"Türkiye'de parçanlanmış bir edebiyat akımı var zannediliyor"

Yazar ve şair Prof. Dr. İskender Pala: - "Sanki Türkiye'de parçalanmış bir edebiyat akımı, anlayışı var zannediliyor. Hayır, bunlar bir bütündür, medeniyettir ve medeniyetin katmanlarında edebiyata yansıyan güzelliklerdir" - "Türk şiirini güle benzetirim. Has bahçede yetişen gül gazeldir. Kırlarda yetişen gül koşmadır. Kırlardan has bahçeye, has bahçeden kırlara gitmek üzere evcilleştirilen gül de ilahidir"

İSTANBUL (AA) - Yazar ve şair Prof. Dr. İskender Pala, divan, tasavvuf ile halk edebiyatının bir medeniyet birikimi içerisinde yer aldığını belirterek, "Sanki Türkiye'de parçalanmış bir edebiyat akımı, anlayışı var zannediliyor.

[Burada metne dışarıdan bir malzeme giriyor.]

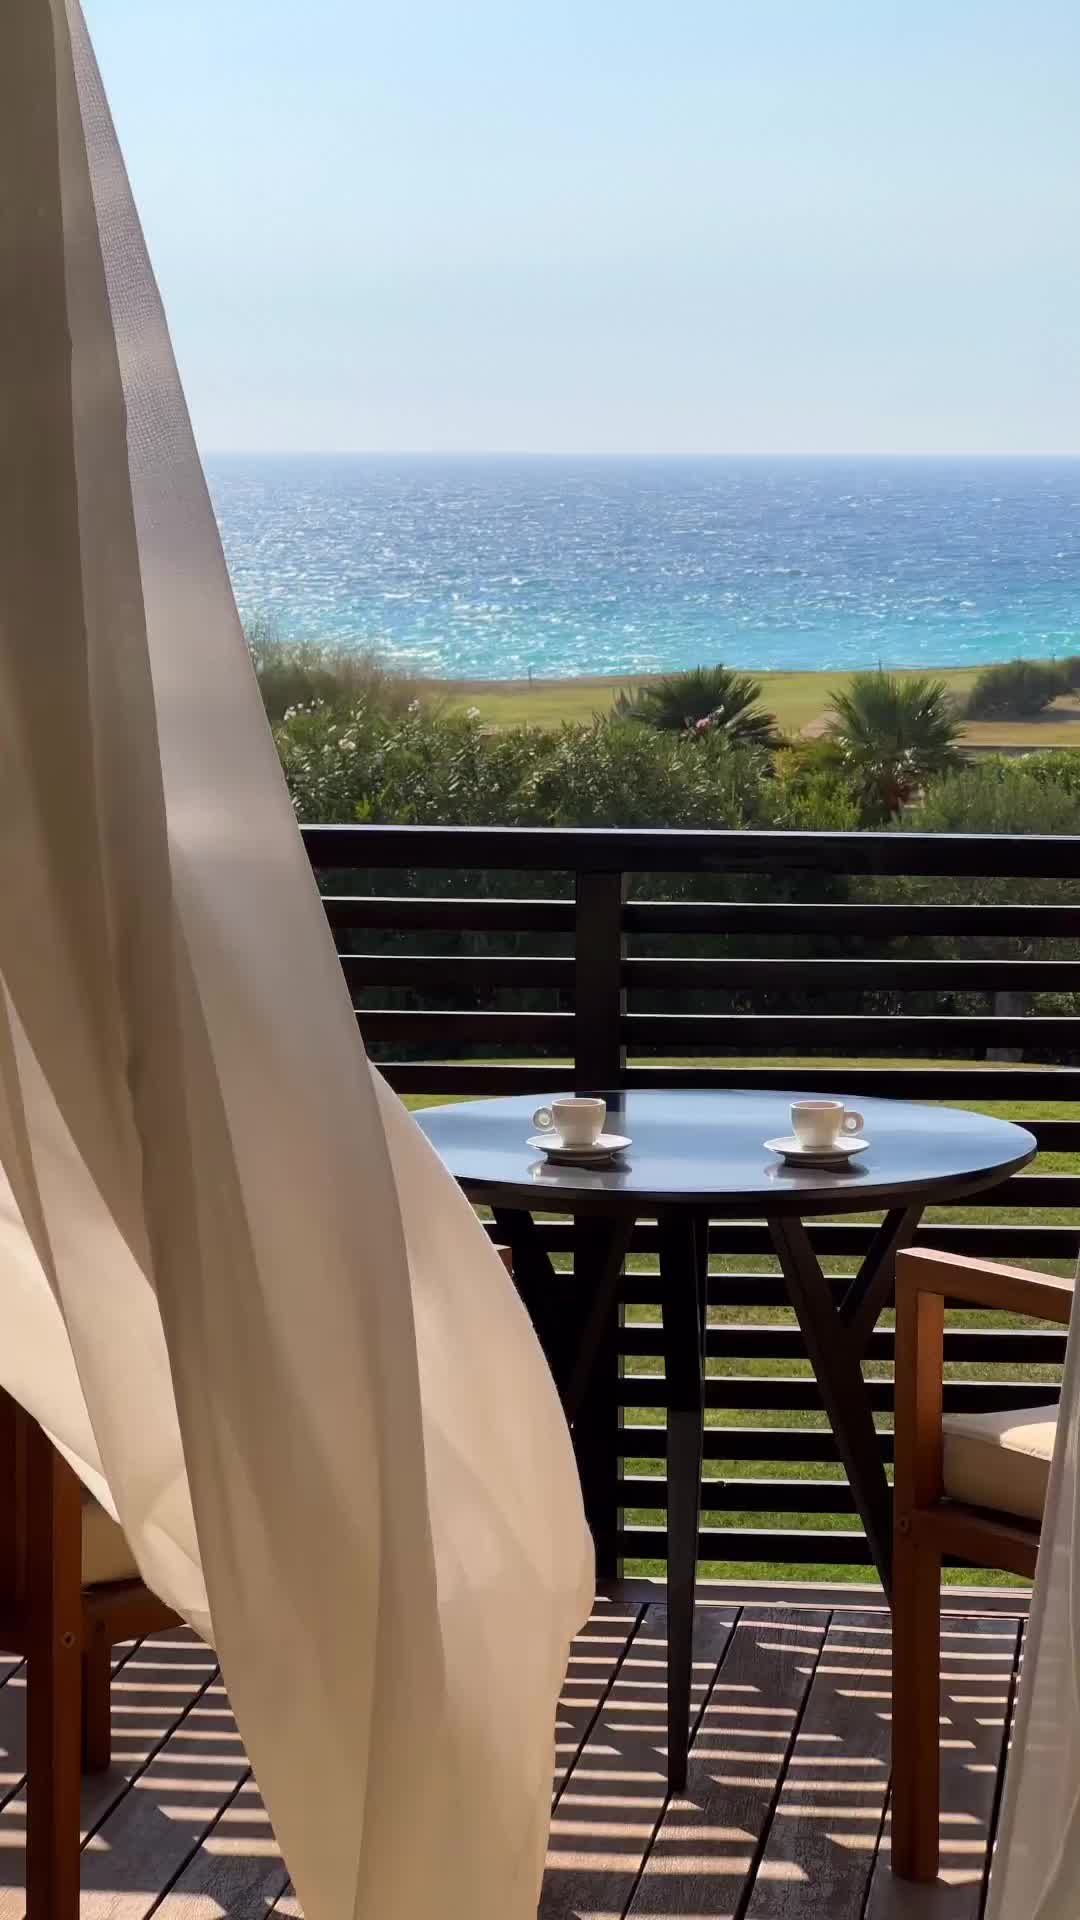 Morning Bliss at Verdura Resort, Sicily

Hayır, bunlar bir bütündür, medeniyettir ve medeniyetin katmanlarında edebiyata yansıyan güzelliklerdir." dedi.

Yunus Emre Enstitüsü (YEE) tarafından düzenlenen "Türk Edebiyatı Yaz Okulu-2019" programı kapsamında, "Şair, Şiir ve Şehir" seminerlerine konuk olan Pala, Ahmet Hamdi Tanpınar Müzesi'nde "Türkçe'nin Şiiri: Gazel, Koşma ve İlahi" başlıklı bir konuşma yaptı.

Reklam
Reklam

Pala, her coğrafyada mekanların ve kişilerin, toplumların şekillenmesinde, düşüncelerin, fikirlerin, medeniyetin ve kavramların oluşmasında önemli roller oynadıklarını söyledi.

Tüm milletlerin edebi geçmişlerinin belirli katmanlarda gerçekleştiğine, bu katmanların birbirinden bağımsız olmadığına ve insanların 3 farklı tarzda şiir yazdıklarına işaret eden Pala, şunları anlattı:

"Türk şiirini güle benzetirim. Has bahçede yetişen gül gazeldir. Kırlarda yetişen gül koşmadır. Kırlardan has bahçeye, has bahçeden kırlara gitmek üzere evcilleştirilen gül de ilahidir. Yani birisi halk şiiridir. Tamamen özgür, kendi başına herhangi terbiye, eğitim görmeden Allah'ın ona verdiği şairlik yeteneğiyle içinde bir gül açtırır, onu şiir şekline getirir. Bir tanesi eğitimini alır, çalışır, çabalar onun üzerine estetik değer oluşturur. Bu da gazeldir ve asildir. Bir de bazen eğitimliden birisi, bazen de eğitimsizden birisi bunların arasında bir form oluşturur. Bu da tekkedir. Biz buna irfan deriz."

Pala, halk, divan ve tekke şairlerinin aynı ırmaktan geldiğinin ve divan, tasavvuf ile halk edebiyatının bir medeniyet birikimi içerisinde yer aldığının altını çizerek, "Sanki Türkiye'de parçalanmış bir edebiyat akımı, anlayışı var zannediliyor. Hayır, bu bir bütündür, medeniyettir ve medeniyetin katmanlarında edebiyata yansıyan güzelliklerdir." diye konuştu.

Reklam
Reklam

Medeniyetlerin müziğine ve şiirine bakılarak geliştiğinin veyahut gerilediğinin anlaşılabileceği yorumunda da bulunan Pala, çocukluk dönemindeki şarkı sözlerinde yer alan zarif kelimelerin bugünkü şarkılarda bulunmadığına dikkati çekti.

- "Her yıl birçok şehirde birkaç kez yapılması gereken bir faaliyet"

Konuşmasının ardından AA muhabirine "Türk Edebiyatı Yaz Okulu"na ilişkin değerlendirmede bulunan usta yazar, şunları kaydetti:

"Bu programı her yıl sadece bir şehirde değil, birçok şehirde birkaç kez yapılması gereken bir faaliyet olarak görüyorum. Yunus Emre Enstitüsü'nün kuruluş felsefesinde yapılması gerekenlere yetişebilmek için daha çok yol alınması gerekir. Bu tür faaliyetler ne kadar çoğaltılırsa o kadar yararlı olacaktır. Bizim kültürümüzle karşılaşmış dünyanın çeşitli yerlerinde Türkiye'ye ve Türk kültürüne bakış açısını olumlayacak veyahut onlara bir derinlik katacak ne tür faaliyetler yapılabilirse bunların hiçbirinin fedakarlıktan kaçınmadan maddi veya manevi yapılması gerekir."